The Loss of Seed Diversity Endangers Our Food & Health
Seeds are the foundation of life, from fruits and vegetables to grain and livestock feed; without them we have no food.
It is estimated that upwards of 90% of our caloric intake directly or indirectly comes from seeds.
Communities are banding together to save and share heirloom and open pollination seeds that are in danger of disappearing from our planet as a result of industrialized agriculture and multinational corporations that control the majority of our seed supply.
In the 80 years between 1903 and 1983, we lost 93% of the variety in our food seeds.
According to Rural Advancement Foundation International:
- We went from 497 varieties of lettuce to 36
- We went from 288 varieties of beets to 17
- We went from 307 varieties of sweet corn to 12
The heirloom tomato has also taken an hit, losing at about 80% of its diversity over that 80 year frame.
It is tragic that a lot of these precious plants are being replaced by patented genetically engineered (GE) varieties
GMOs (Genetically modified organisms) are a very serious threat to our environment and our health.
The US has the strictest food safety laws in the world governing new additives, but the FDA has allowed GMOs to evade those laws.

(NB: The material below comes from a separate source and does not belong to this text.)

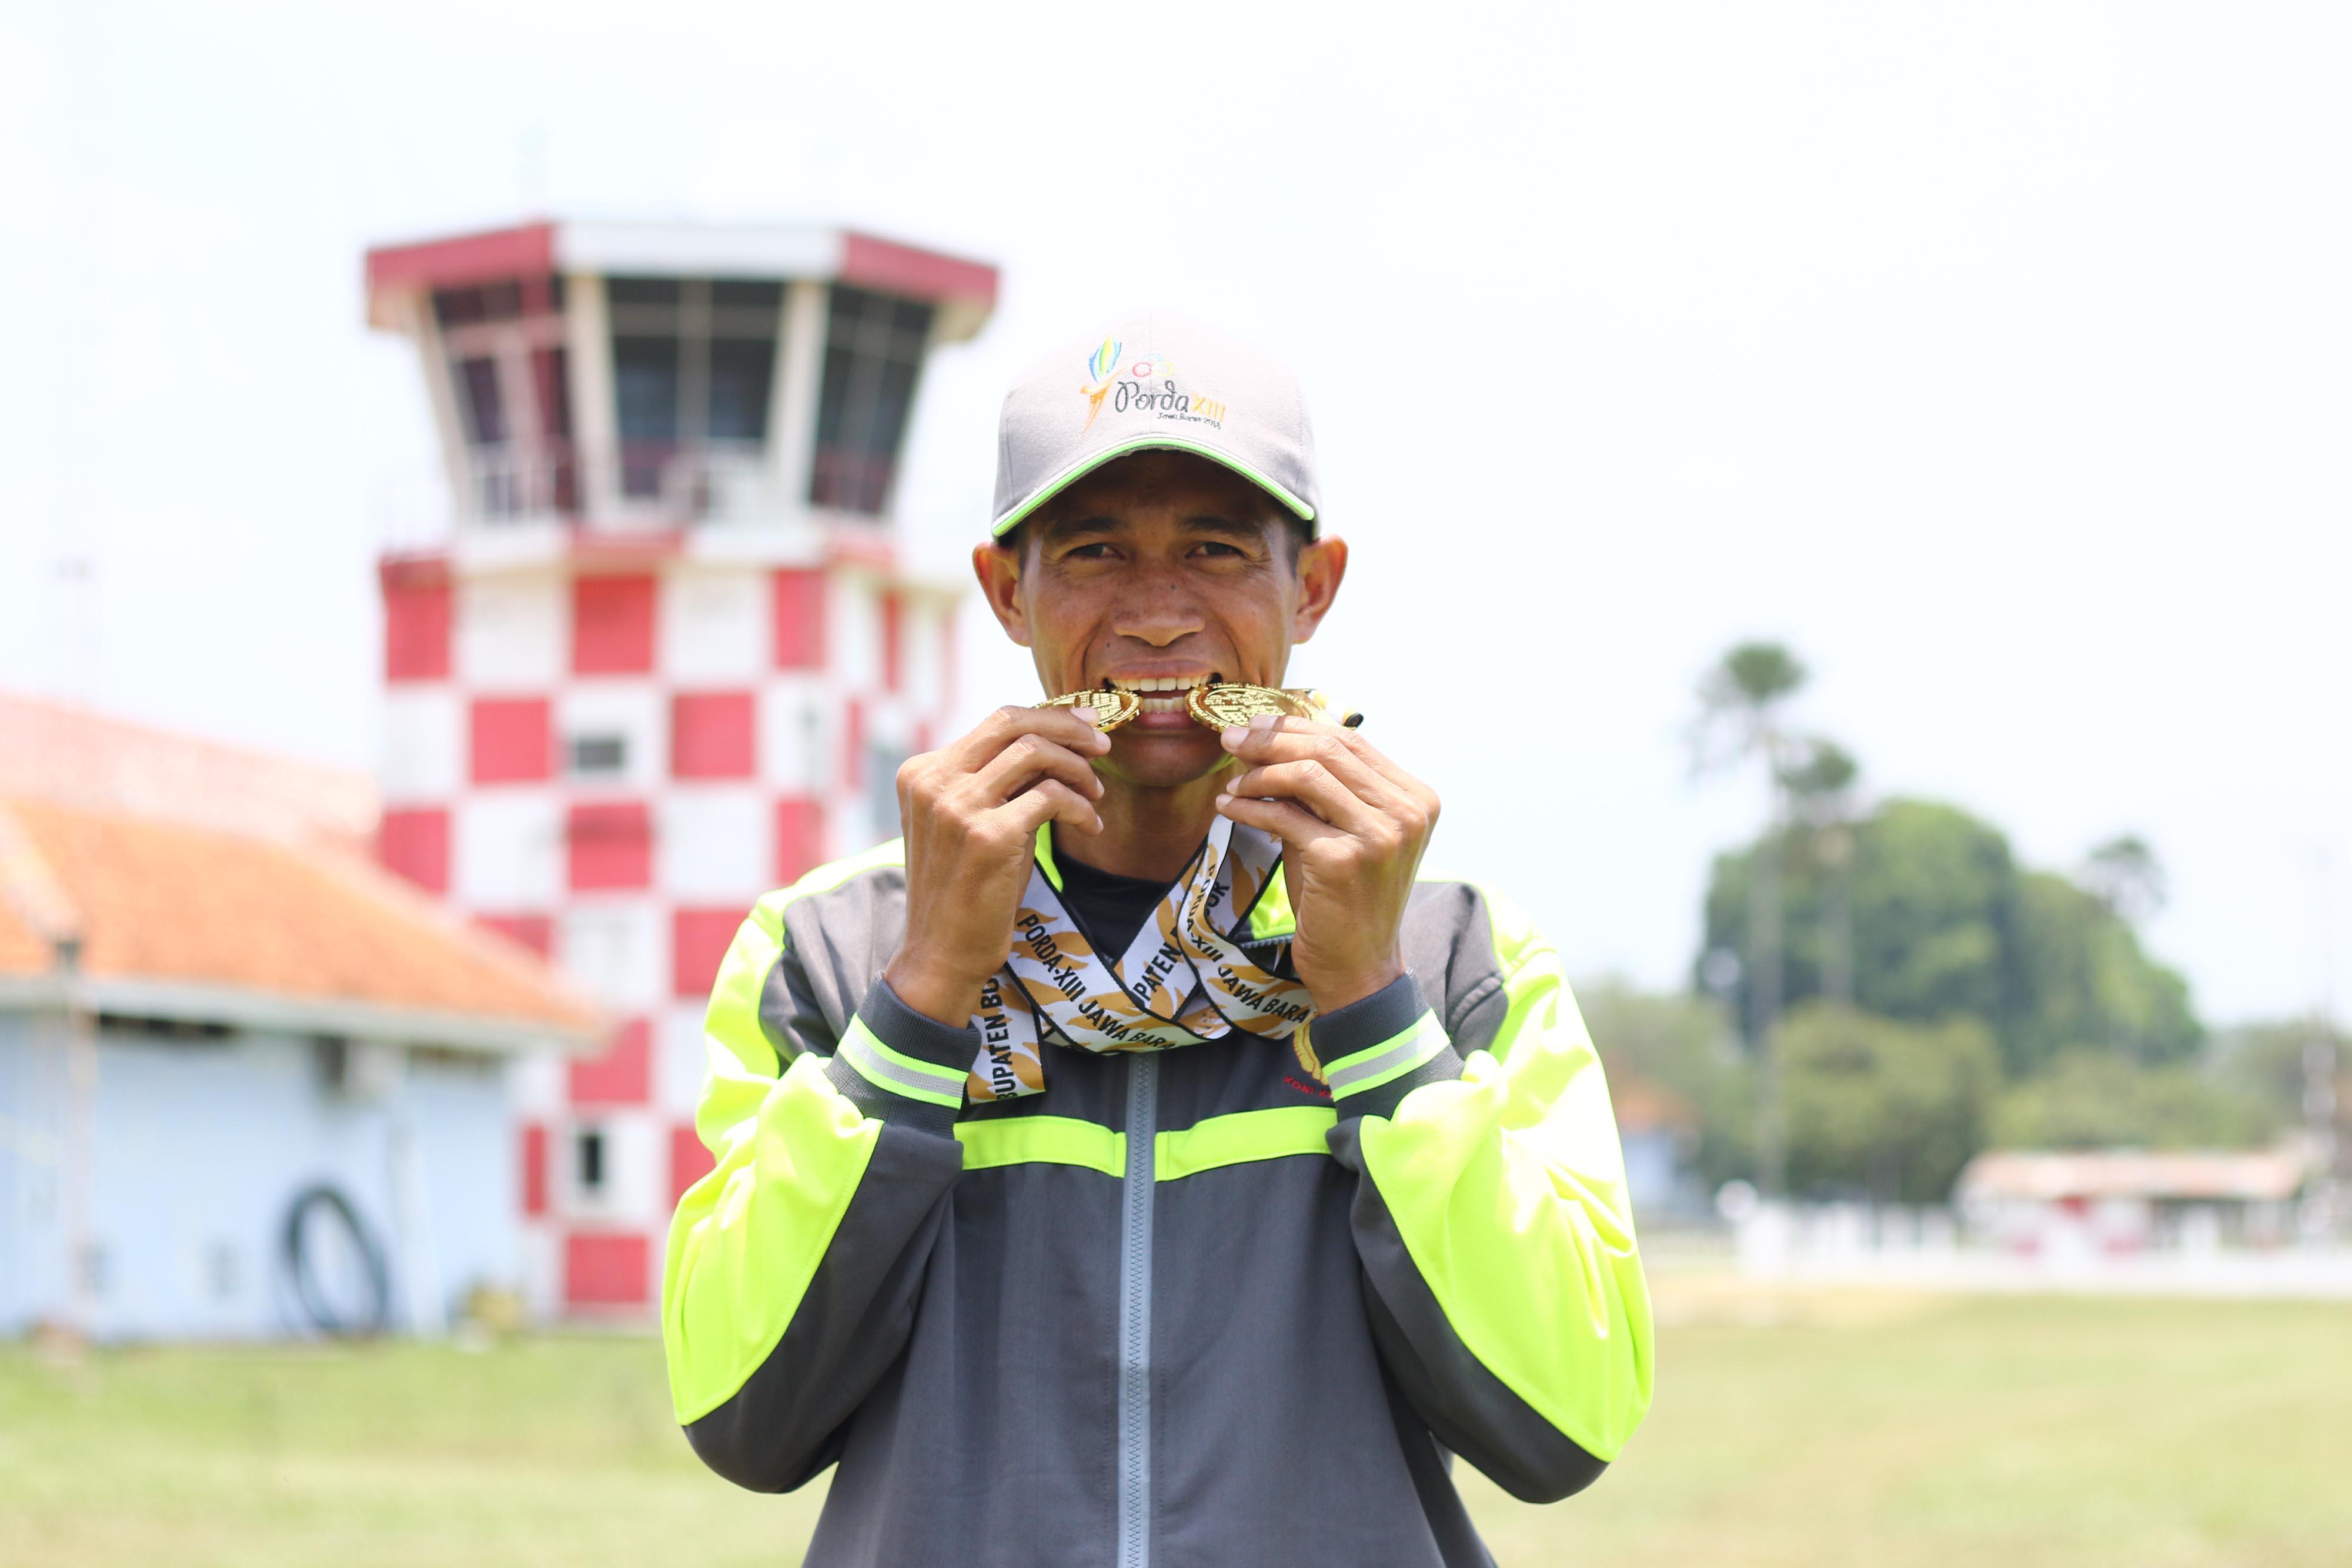 Arwis, Atlet Terjun Payung Kota Depok berpose dengan medali emas yang berhasil diraihnya pada PORDA JABAR XIII-2018 di Lanud. Atang Sendjaja, Semplak, Bogor pada Sabtu (29/9) siang. Arwis berhasil mempersembahkan dua medali emas untuk Kota Depok di nomor Ketepatan Mendarat Perorangan dan Beregu Putra. KONI KOTA DEPOK/Faruqi/2018

The sole purported legal basis for the marketing of GE foods in the US is the FDA’s claim that they are “Generally Recognized as Safe” (GRAS) that claim is fake.
Documents released as a result of a lawsuit against the FDA reveal that the agency’s scientists warned superiors about the extraordinary risks of GE foods, their warnings were ignored, and covered up.
According to the law, no GE food can qualify as GRAS unless there is overwhelming consensus about its safety within the scientific community, and that consensus cannot be based on hypotheses or speculation, it must be based on solid evidence.
In the case of GE foods no such evidence exists.
FDA’s own files contain the admission that they did not have any technical evidence upon which to base their presumption that GE foods are GRAS.
On 24 January 2015 a statement signed by 300 scientists was published in a peer-reviewed journal asserting that there is no scientific consensus about the safety of GE foods, which confirms that they are on the US market illegally.
The American Academy of Environmental Medicine wrote, “There is more than a casual association between GE foods and adverse health effects.” They go on to cite specific scientific evidence pointing to potential organ damage from GE foods (liver, kidney, spleen, and GI system), accelerated aging, immune dysregulation, infertility… and the list goes on and on and on and on.
The strongest power is the consumers’ pocketbook.
We can take back control over our food supply with the choices we make about the foods we eat, the seeds we plant, and the products we use.
Below are some suggestions, as follows:
- Stop buying non-organic processed foods. Instead, build your diet around whole, unprocessed foods, especially raw fruits and vegetables, and healthy fats from coconut oil, avocados, organic pastured meat, dairy, and eggs, and raw nuts
- Buy most of your foods from your local farmer’s market and organic farms
- Cook most or all your meals at home using whole, organic ingredients
- Frequent restaurants that serve organic, cooked-from-scratch local food. Many restaurants, especially chain restaurants, use processed foods for their meals,
- Buy only organic, open-pollinated, and heirloom seeds for your garden, which applies to both decorative plants and edibles; they’re obtainable from seed swaps, seed libraries, and exchanges.
- Boycott all lawn and garden chemicals (fertilizers, pesticides, etc.) unless they are “OMRI Approved,” which means they’re allowed in organic production. If you use a lawn service, make sure they’re using OMRI Approved products as well
And, join the Organic Consumers Association’s new campaign, “Buy Organic Brands that Support Your Right to Know” (http://buycott.com/campaign/674/buy-organic-brands-that-support-your-right-to-know)
Seed Saving Resources
To begin saving your own seeds, there are 4 Key steps, as follows:
- Choose the right plants
- Collect their seeds
- Cleaning the seeds
- Storing the seed correctly
Below are some excellent seed saving resources, as well as suggestions for where to purchase open-pollinated and heirloom seeds, as follows:
- Organic Seed Growers and Trade Association (OSGATA): National non-profit organization committed to protecting, promoting, and developing the organic seed trade and its growers
- Seed Savers Exchange: Organization whose mission is to promote saving and sharing of heirloom seeds and plants
- SeedSave.org: Online seed school with free downloadable book about the basics of seed saving
- Hudson Valley Seed Library: Hudson is much more than a library check it out.
The seed saving movement is growing.
Again, communities are banding together to save and share heirloom and open pollination seeds that are in danger of disappearing from our planet as a result of industrialized agriculture and multinational corporations that control the majority of our seed supply. Do your part.
Eat healthy, Be healthy, Live lively.